PROBLEM
Give the listing again word for word, excluding the pictures it contains.

DATA EXTRACT below:

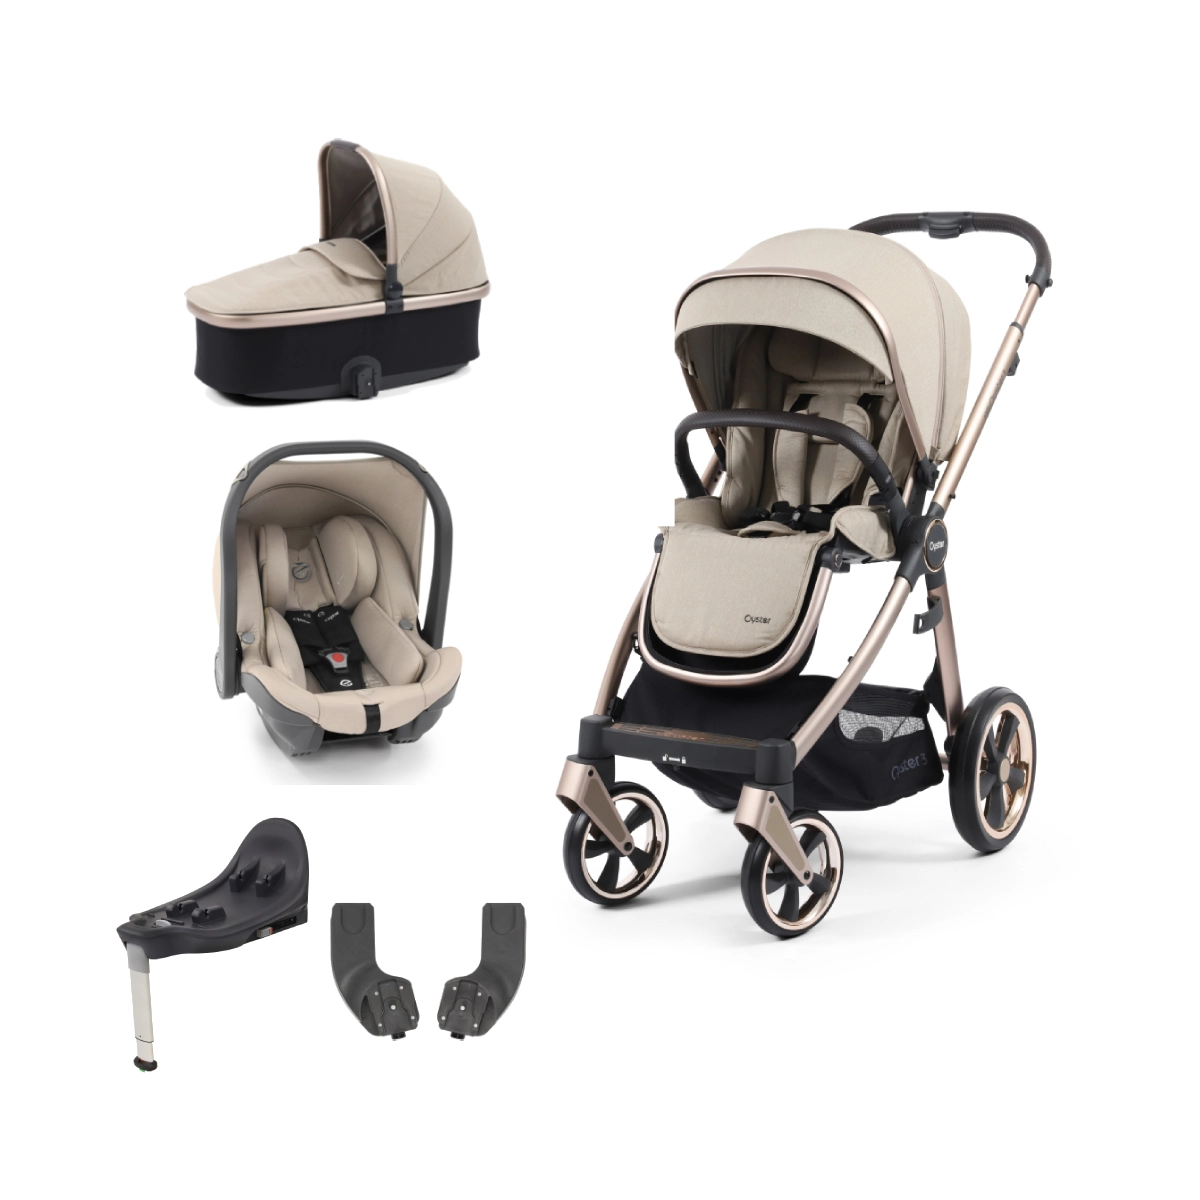 BabyStyle Oyster 3 Champagne Chassis Essential Capsule Travel System
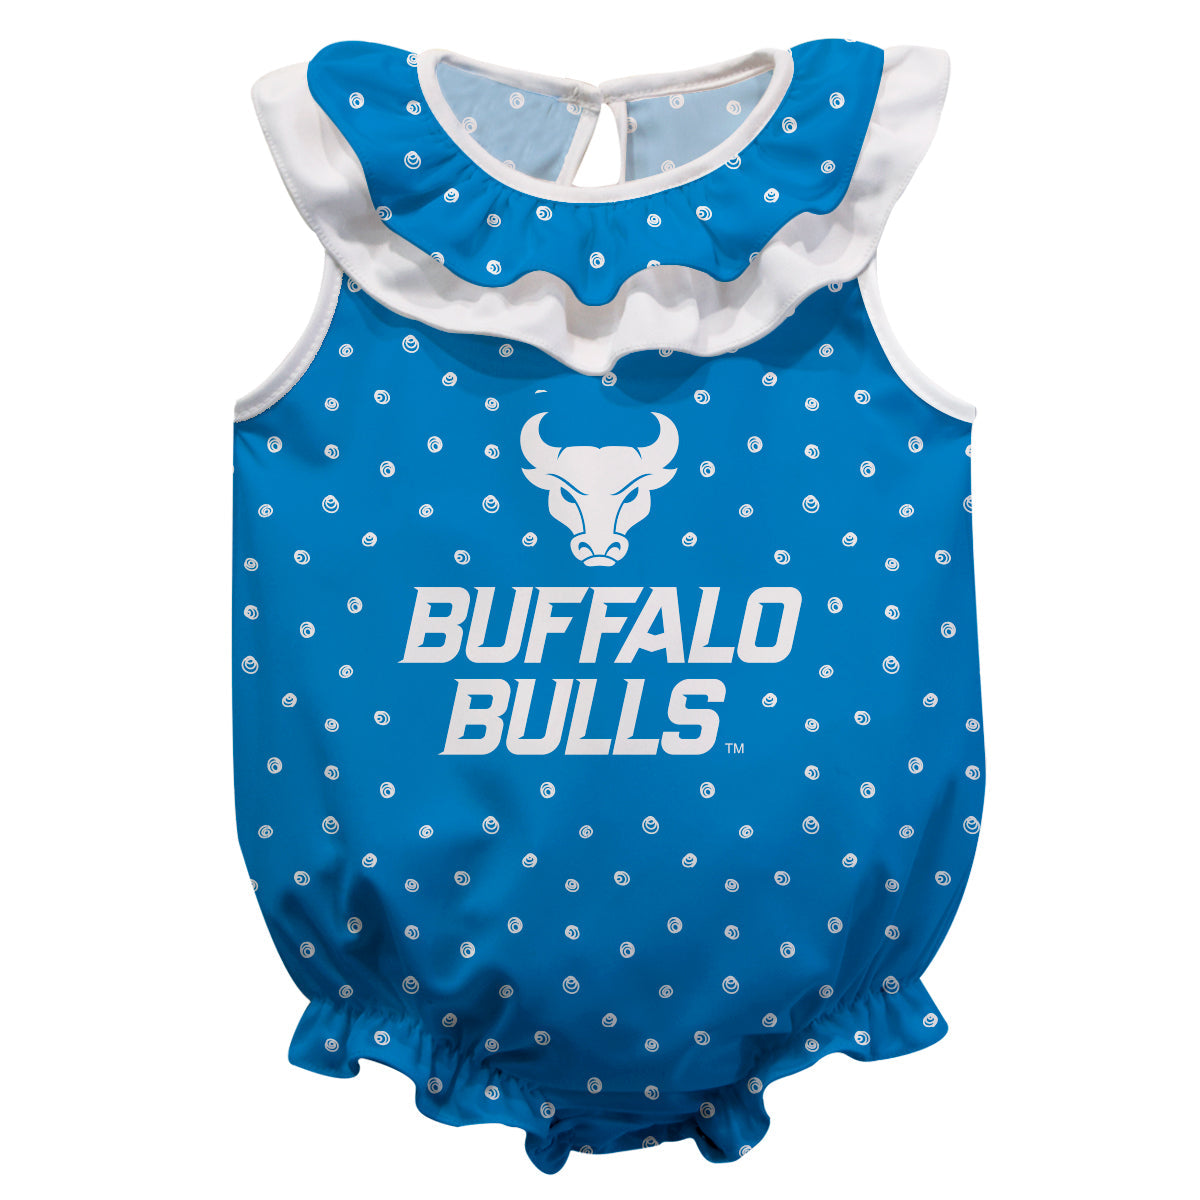 Buffalo Bulls Girls Game Day All Over Print Blue and White Sleeveless Ruffle One Piece Jumpsuit Mascot Bodysuit by Vive La Fete
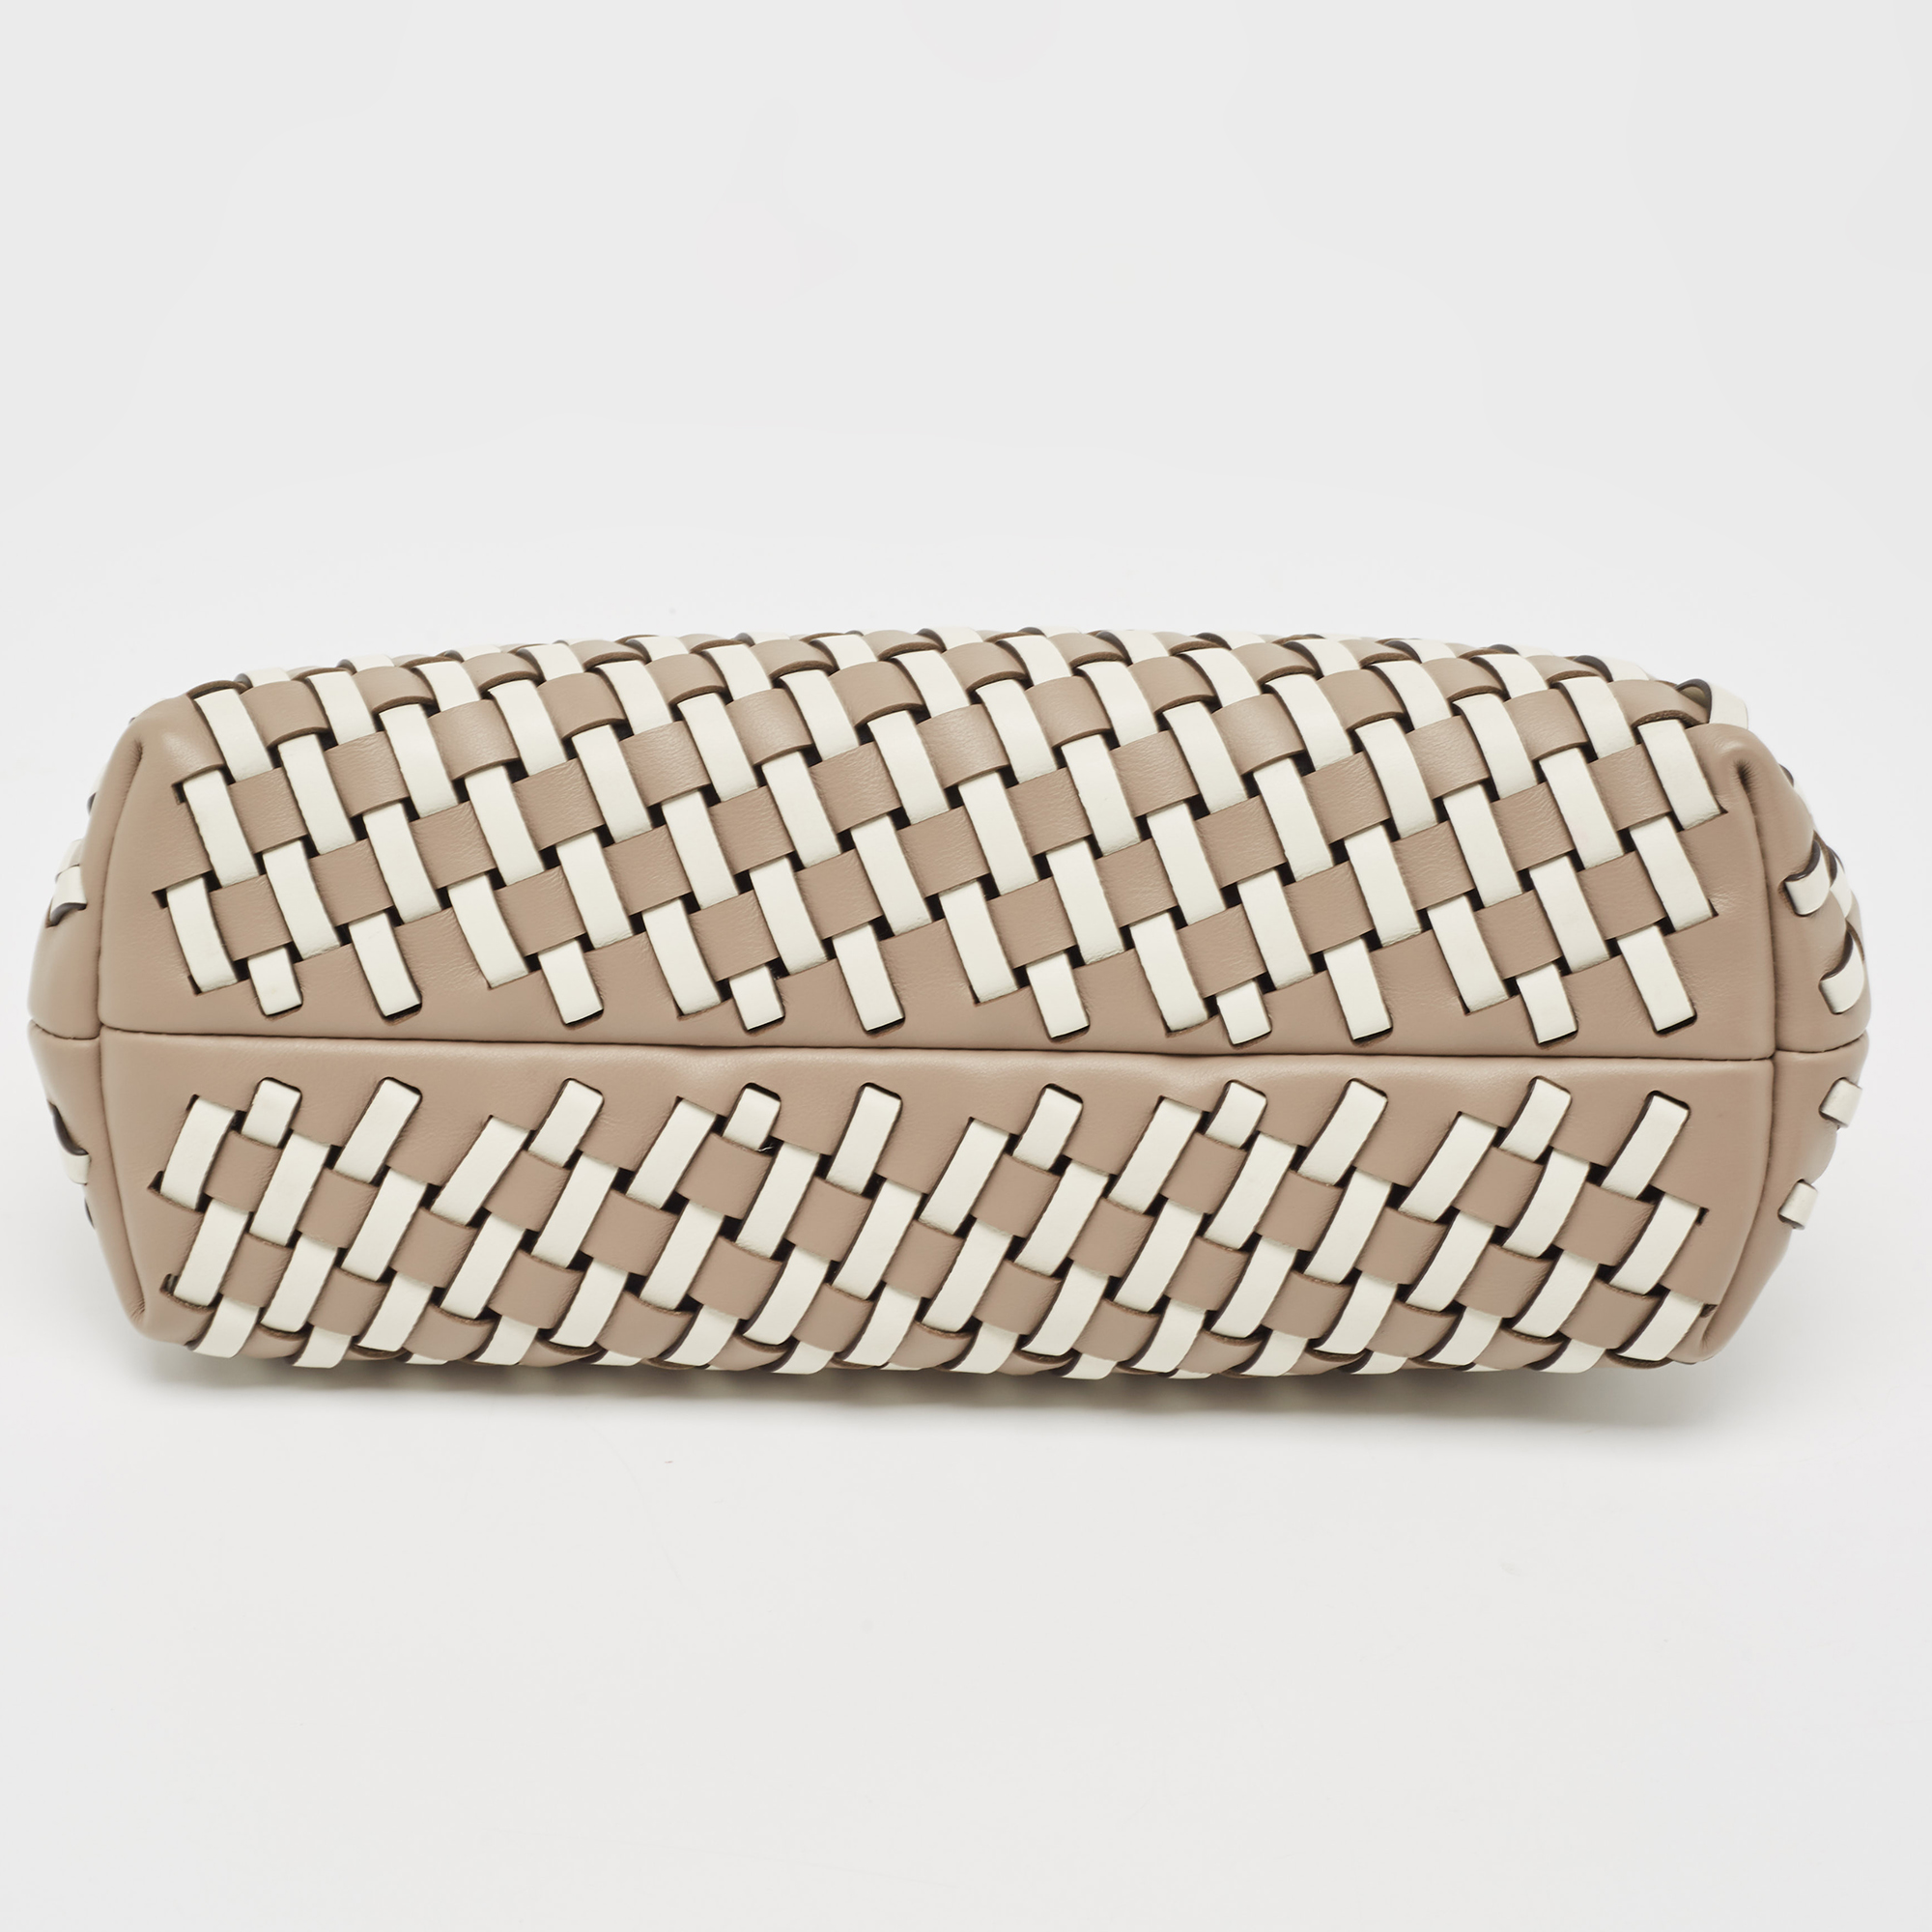 Fendi Beige/White Woven Leather Small First Shoulder Bag
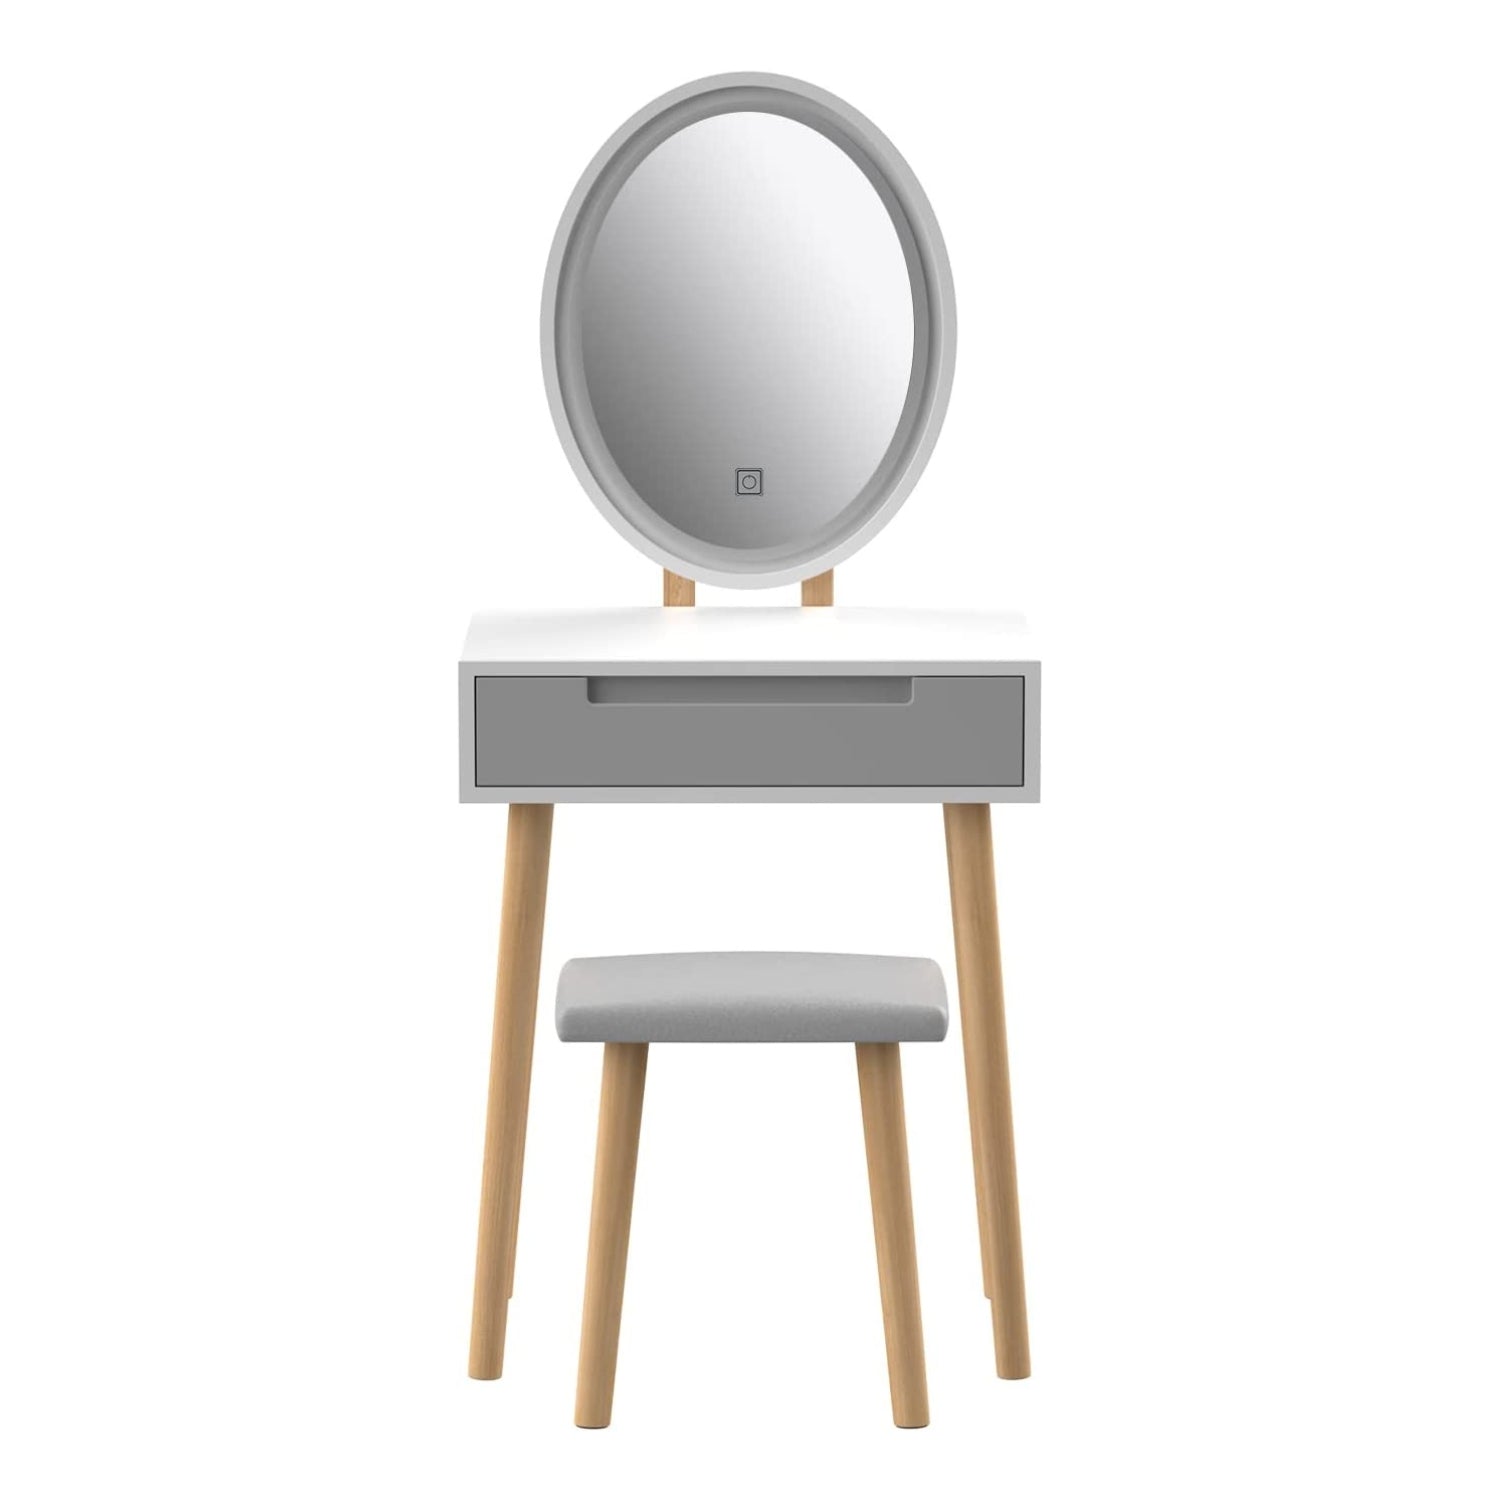 Makeup Vanity Table Set with 3 Adjustable Lighted Mirror Stool HW1151GY with white background

End of DATA EXTRACT.

ANSWER SPACE
 BabyStyle Oyster 3 Champagne Chassis Essential Capsule Travel System
 Buffalo Bulls Girls Game Day All Over Print Blue and White Sleeveless Ruffle One Piece Jumpsuit Mascot Bodysuit by Vive La Fete
 Fendi Beige/White Woven Leather Small First Shoulder Bag
 Makeup Vanity Table Set with 3 Adjustable Lighted Mirror Stool HW1151GY with white background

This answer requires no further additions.